The Influence of Families on Early Adolescent School Connectedness: Evidence That This Association Varies with Adolescent Involvement in Peer Drinking Networks

  • Adrian B. Kelly
  • Martin O’Flaherty
  • John W. Toumbourou
  • Ross Homel
  • George C. Patton
  • Angela White
  • Joanne Williams
Article

Abstract

School connectedness is central to the long term well-being of adolescents, and high quality parent–child relationships facilitate school connectedness. This study examined the extent to which family relationship quality is associated with the school connectedness of pre- and early teenagers, and how this association varies with adolescent involvement in peer drinking networks. The sample consisted of 7,372 10–14 year olds recruited from 231 schools in 30 Australian communities. Participants completed the Communities that Care youth survey. A multi-level model of school connectedness was used, with a random term for school-level variation. Key independent variables included family relationship quality, peer drinking networks, and school grade.
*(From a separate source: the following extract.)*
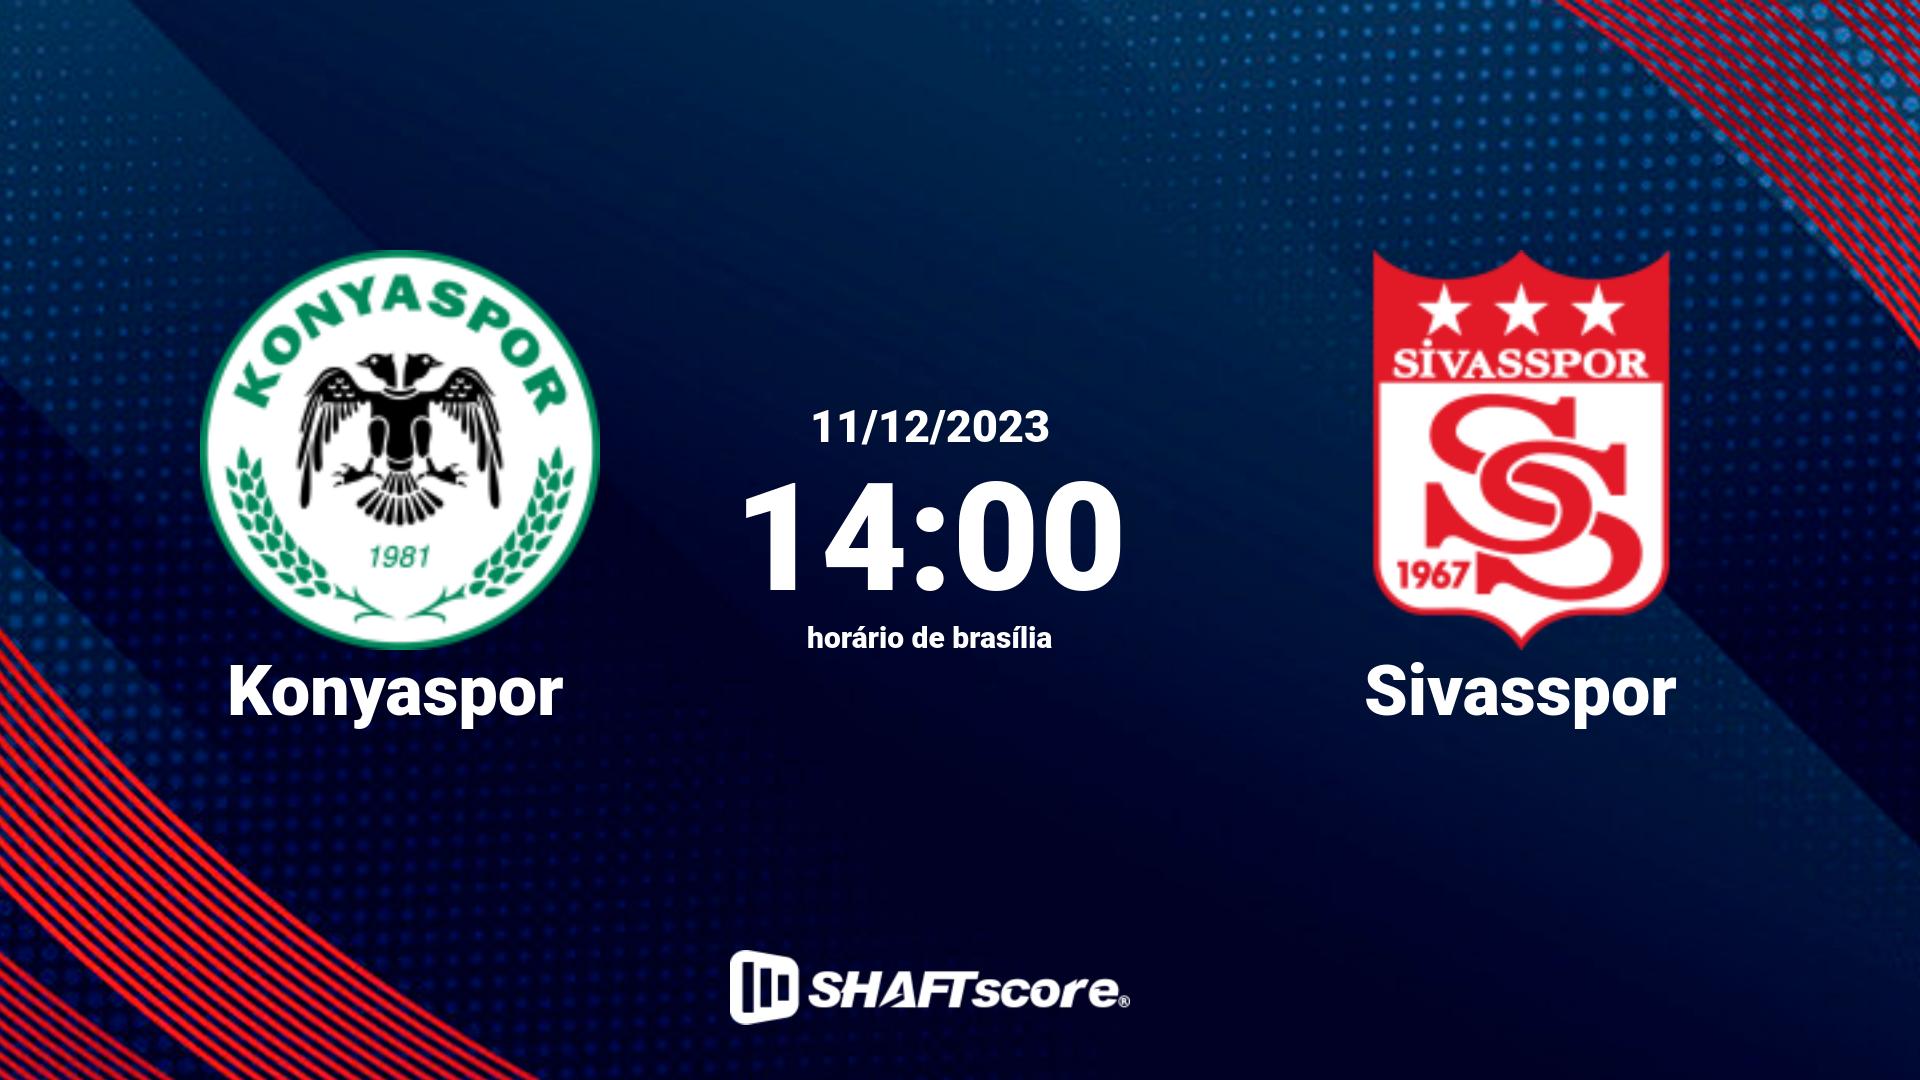 Estatísticas do jogo Konyaspor vs Sivasspor 11.12 14:00

Control variables included child gender, sensation seeking, depression, child alcohol use, parent education, and language spoken at home. For grade 6 students, the association of family relationship quality and school connectedness was lower when peer drinking networks were present, and this effect was nonsignificant for older (grade 8) students. Post hoc analyses indicated that the effect for family relationship quality on school connectedness was nonsignificant when adolescents in grade 6 reported that the majority of friends consumed alcohol. The results point to the importance of family-school partnerships in early intervention and prevention.

Keywords

Adolescents Early adolescents School connectedness Alcohol Parents Family relationship quality Peers 

Notes

Acknowledgements

This research was funded by an NHMRC Project Grant to J. Williams, J. Toumbourou, R. Homel, and G. Patton. The study was supported by a VicHealth Research Fellowship awarded to J. Toumbourou. Data analysis and preparation of this manuscript was supported by NHMRC Project 569539 and ARC DP1095883 to A. B. Kelly (first investigator). The authors thank Gary Chan for research assistance in the preparation of this manuscript.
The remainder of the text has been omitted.